The diagnosis of an intimate health condition can send you into a panic! Especially if it’s something you may have never heard of before.
If you are diagnosed with lichen sclerosus, you’ll want to know, what causes it? Is it contagious? Can it be treated? Good news is it’s not contagious – and it can be treated.

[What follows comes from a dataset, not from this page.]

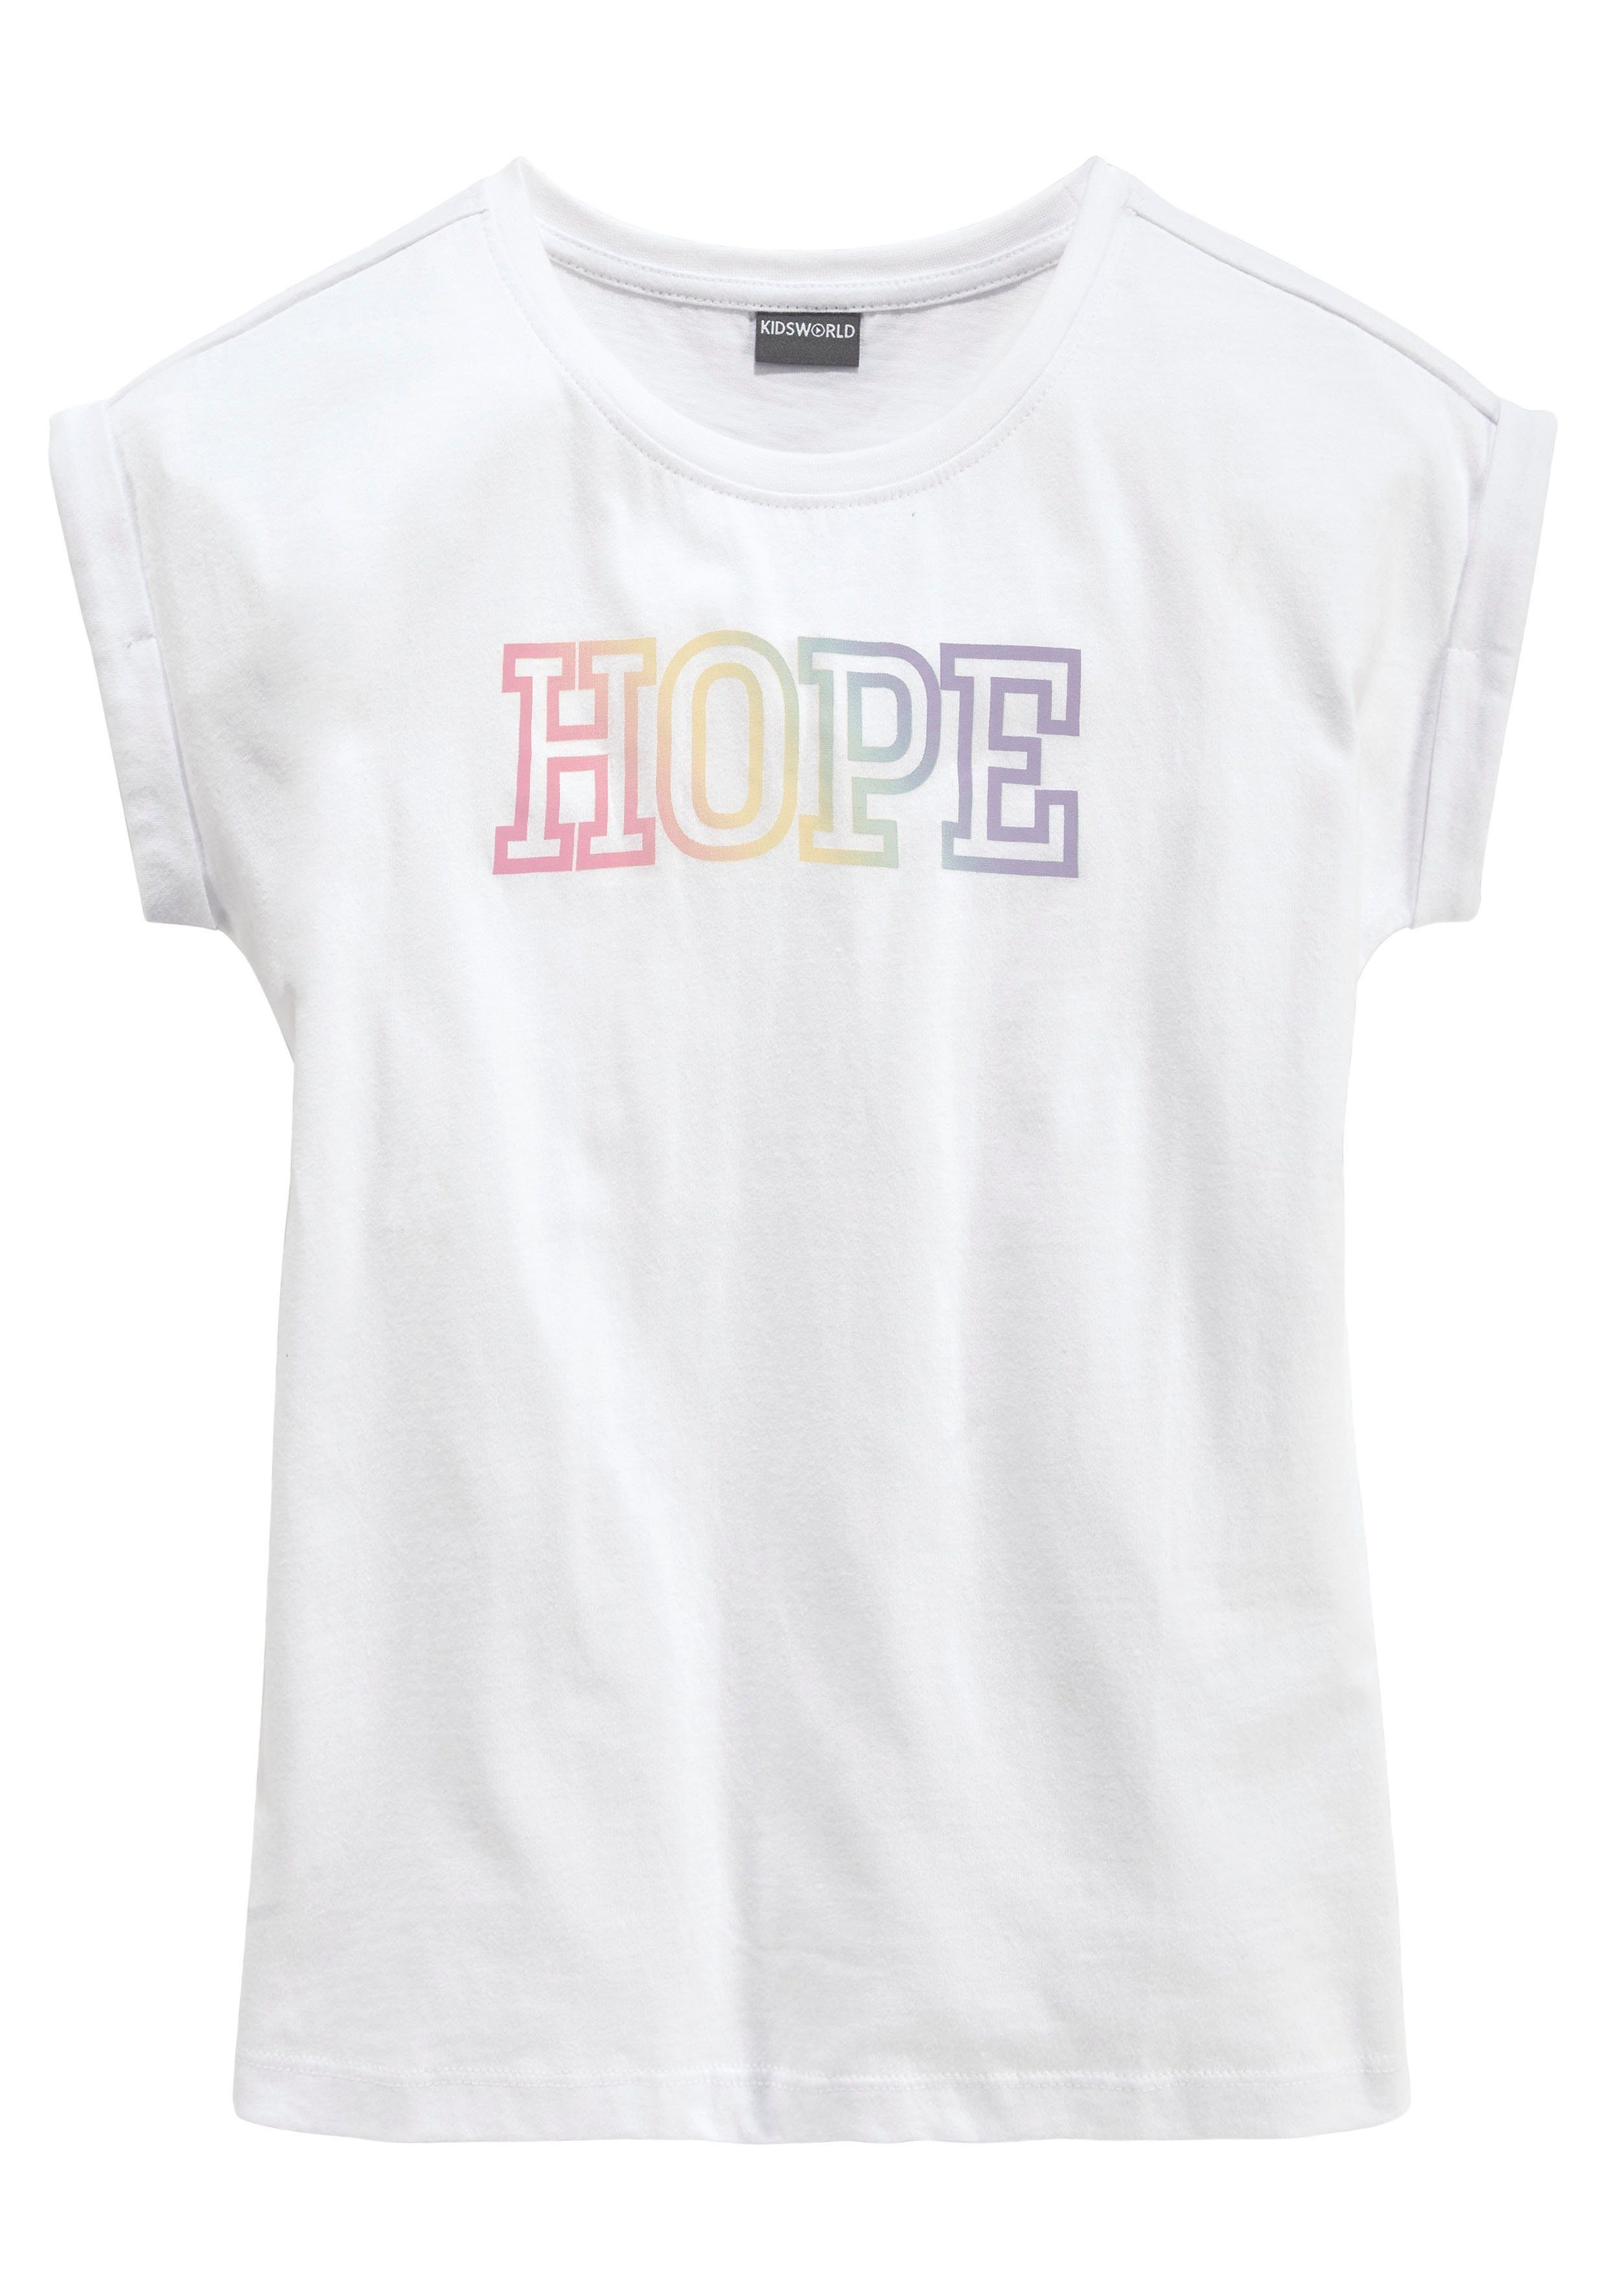 KIDSWORLD mit HOPE Statementdruck T-Shirt
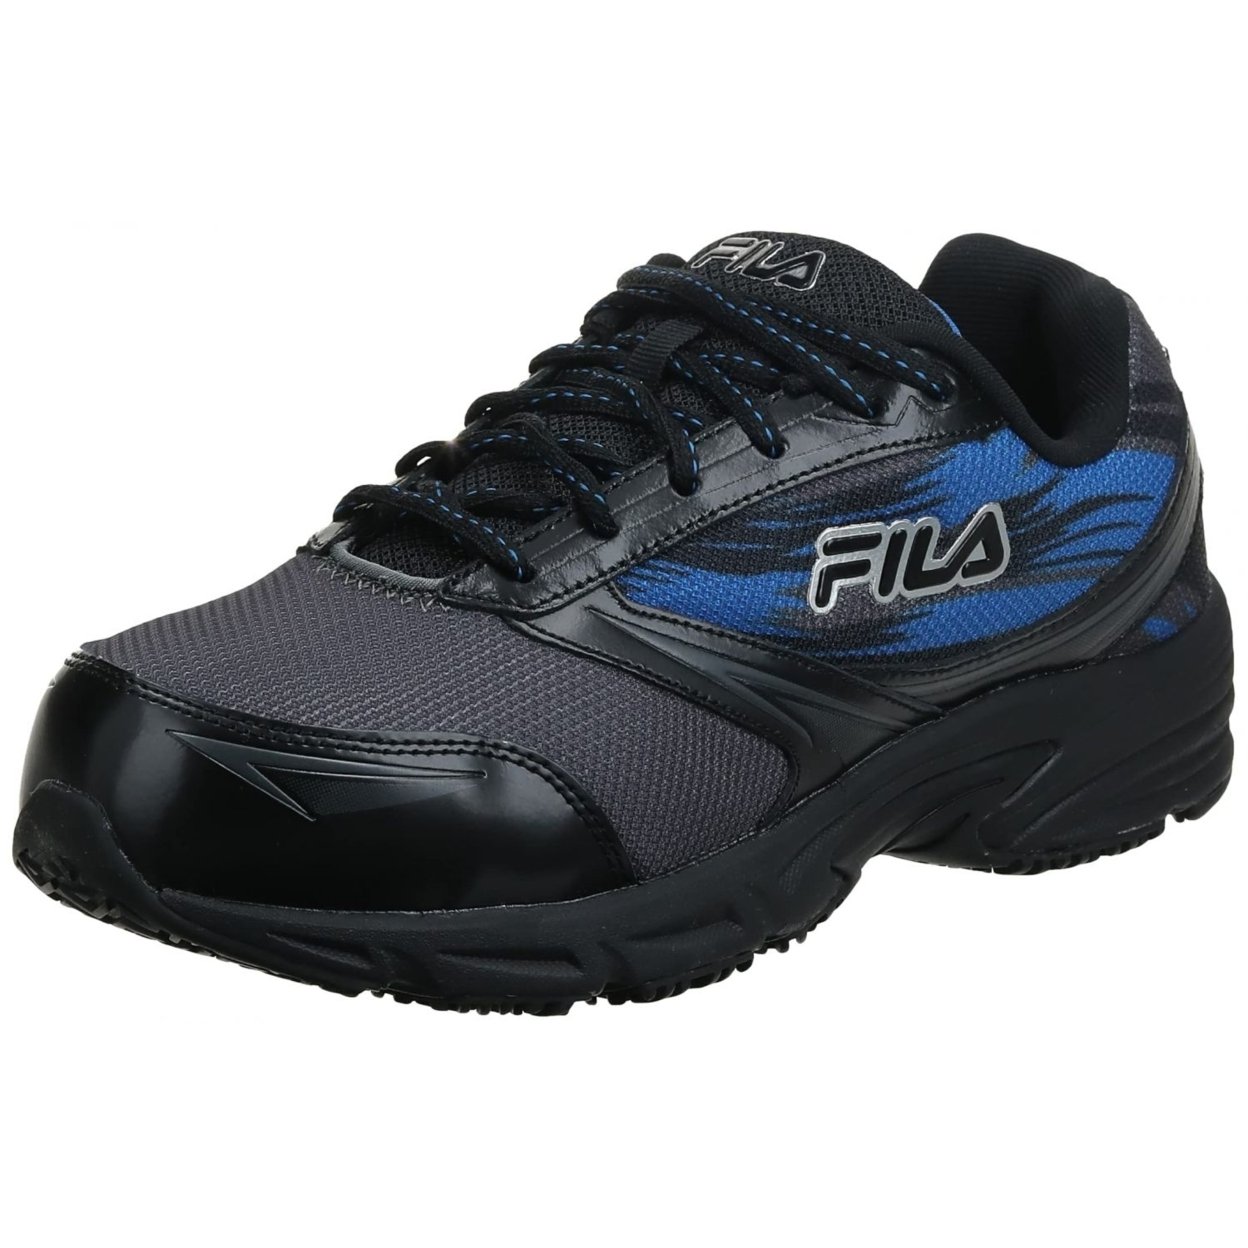 Fila Menâs Memory Meiera 2 Slip Resistant And Composite Toe Work Shoe CSRK/BLK/PRBL - Castlerock/Black/Prince Blue, 10

While a definite cause has not been determined, there are risk factors that can be assessed.
What is lichen sclerosus?
Lichen sclerosus is a chronic skin disorder that usually affects the skin of the outer genitalia. This skin condition most often affects post-menopausal women. The disease causes skin changes of the external genitalia. Skin becomes itchy and spotted with thin, white, crinkly patches that tear and bleed easily. Lichen sclerosus isn’t contagious and cannot be spread through sexual intercourse. Infections can cause similar symptoms but usually do not cause the typical skin changes of lichen sclerosus However, an infection can occur together with lichen sclerosus.
What are the symptoms of lichen sclerosus?
Sometimes, mild cases of lichen sclerosus cause no noticeable signs or symptoms.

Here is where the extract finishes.